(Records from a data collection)
────────
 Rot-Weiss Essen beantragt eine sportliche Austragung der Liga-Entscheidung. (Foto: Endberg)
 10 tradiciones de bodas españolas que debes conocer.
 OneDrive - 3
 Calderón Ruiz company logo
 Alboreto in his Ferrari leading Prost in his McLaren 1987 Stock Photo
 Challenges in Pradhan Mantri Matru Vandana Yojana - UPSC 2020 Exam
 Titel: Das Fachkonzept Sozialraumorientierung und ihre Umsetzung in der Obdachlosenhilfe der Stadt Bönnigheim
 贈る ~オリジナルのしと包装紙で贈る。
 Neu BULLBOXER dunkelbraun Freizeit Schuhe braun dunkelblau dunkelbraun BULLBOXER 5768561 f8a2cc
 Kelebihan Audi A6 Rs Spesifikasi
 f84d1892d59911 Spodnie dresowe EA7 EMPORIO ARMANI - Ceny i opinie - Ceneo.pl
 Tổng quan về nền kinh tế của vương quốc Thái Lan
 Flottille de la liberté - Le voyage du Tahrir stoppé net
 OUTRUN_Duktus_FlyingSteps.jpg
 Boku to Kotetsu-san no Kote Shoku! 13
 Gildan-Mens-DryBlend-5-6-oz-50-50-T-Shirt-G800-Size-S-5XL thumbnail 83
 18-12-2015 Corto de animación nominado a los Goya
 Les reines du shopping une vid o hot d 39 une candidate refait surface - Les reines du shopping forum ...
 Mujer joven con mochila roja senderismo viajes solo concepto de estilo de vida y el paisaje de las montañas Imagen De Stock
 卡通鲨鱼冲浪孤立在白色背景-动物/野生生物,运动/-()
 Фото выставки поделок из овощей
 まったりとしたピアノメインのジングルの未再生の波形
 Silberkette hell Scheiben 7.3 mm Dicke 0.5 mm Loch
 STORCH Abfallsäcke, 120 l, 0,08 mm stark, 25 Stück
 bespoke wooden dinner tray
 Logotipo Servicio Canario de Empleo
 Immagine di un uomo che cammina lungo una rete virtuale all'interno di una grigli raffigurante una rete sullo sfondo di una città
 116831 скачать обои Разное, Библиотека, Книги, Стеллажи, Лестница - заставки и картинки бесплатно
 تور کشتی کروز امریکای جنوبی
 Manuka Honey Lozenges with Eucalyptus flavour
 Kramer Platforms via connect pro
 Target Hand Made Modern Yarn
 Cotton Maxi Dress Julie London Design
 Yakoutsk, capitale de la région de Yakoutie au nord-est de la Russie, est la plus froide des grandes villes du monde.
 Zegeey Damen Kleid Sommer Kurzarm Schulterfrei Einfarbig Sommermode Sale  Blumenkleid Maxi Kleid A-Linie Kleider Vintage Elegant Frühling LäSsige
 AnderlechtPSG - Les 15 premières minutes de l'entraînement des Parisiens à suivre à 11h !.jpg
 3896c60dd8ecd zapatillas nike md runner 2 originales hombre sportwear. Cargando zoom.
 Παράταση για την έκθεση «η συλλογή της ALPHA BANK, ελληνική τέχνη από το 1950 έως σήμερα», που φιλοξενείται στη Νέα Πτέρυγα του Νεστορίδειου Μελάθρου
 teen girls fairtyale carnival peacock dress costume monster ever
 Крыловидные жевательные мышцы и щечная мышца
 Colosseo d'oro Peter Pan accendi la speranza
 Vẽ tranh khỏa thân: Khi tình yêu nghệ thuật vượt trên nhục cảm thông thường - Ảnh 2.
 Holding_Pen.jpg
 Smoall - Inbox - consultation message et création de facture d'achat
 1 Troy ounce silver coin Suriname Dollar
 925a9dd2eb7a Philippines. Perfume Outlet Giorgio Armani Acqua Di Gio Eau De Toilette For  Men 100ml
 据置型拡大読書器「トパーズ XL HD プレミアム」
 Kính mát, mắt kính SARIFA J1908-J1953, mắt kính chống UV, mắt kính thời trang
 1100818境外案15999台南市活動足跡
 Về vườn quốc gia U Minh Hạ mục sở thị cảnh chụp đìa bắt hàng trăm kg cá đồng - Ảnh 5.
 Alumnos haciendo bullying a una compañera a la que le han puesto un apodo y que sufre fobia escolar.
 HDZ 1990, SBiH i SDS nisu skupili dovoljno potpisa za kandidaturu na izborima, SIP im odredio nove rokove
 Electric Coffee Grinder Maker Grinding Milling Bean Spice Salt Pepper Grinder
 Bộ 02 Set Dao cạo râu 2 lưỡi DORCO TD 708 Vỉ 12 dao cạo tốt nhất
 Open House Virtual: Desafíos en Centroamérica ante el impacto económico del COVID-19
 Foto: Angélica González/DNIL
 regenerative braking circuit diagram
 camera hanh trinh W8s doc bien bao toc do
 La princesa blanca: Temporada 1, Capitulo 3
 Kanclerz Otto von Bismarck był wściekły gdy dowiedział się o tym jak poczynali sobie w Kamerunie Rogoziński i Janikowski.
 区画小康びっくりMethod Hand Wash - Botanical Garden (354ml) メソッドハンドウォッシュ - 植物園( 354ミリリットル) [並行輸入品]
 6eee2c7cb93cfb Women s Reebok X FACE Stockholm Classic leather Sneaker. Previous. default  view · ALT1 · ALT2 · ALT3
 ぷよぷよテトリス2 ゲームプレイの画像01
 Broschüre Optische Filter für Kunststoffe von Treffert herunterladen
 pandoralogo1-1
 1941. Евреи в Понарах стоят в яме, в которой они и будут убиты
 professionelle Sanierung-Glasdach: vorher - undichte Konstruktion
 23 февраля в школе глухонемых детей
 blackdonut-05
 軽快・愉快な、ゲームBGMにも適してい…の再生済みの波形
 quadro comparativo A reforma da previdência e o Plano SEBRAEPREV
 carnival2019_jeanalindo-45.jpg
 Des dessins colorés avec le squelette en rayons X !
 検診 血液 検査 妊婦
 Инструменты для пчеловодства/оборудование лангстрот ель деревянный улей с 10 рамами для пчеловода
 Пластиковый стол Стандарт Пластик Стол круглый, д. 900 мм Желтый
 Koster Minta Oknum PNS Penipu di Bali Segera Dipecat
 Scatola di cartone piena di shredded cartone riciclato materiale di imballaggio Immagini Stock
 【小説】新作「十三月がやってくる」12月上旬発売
────────
-- What to work on --
Your reply is to repeat, unchanged, the lines above running from the one with "STORCH Abfallsäcke, 120" up to and including the one with "Yakoutsk, capitale de".

-- Written solution --
 STORCH Abfallsäcke, 120 l, 0,08 mm stark, 25 Stück
 bespoke wooden dinner tray
 Logotipo Servicio Canario de Empleo
 Immagine di un uomo che cammina lungo una rete virtuale all'interno di una grigli raffigurante una rete sullo sfondo di una città
 116831 скачать обои Разное, Библиотека, Книги, Стеллажи, Лестница - заставки и картинки бесплатно
 تور کشتی کروز امریکای جنوبی
 Manuka Honey Lozenges with Eucalyptus flavour
 Kramer Platforms via connect pro
 Target Hand Made Modern Yarn
 Cotton Maxi Dress Julie London Design
 Yakoutsk, capitale de la région de Yakoutie au nord-est de la Russie, est la plus froide des grandes villes du monde.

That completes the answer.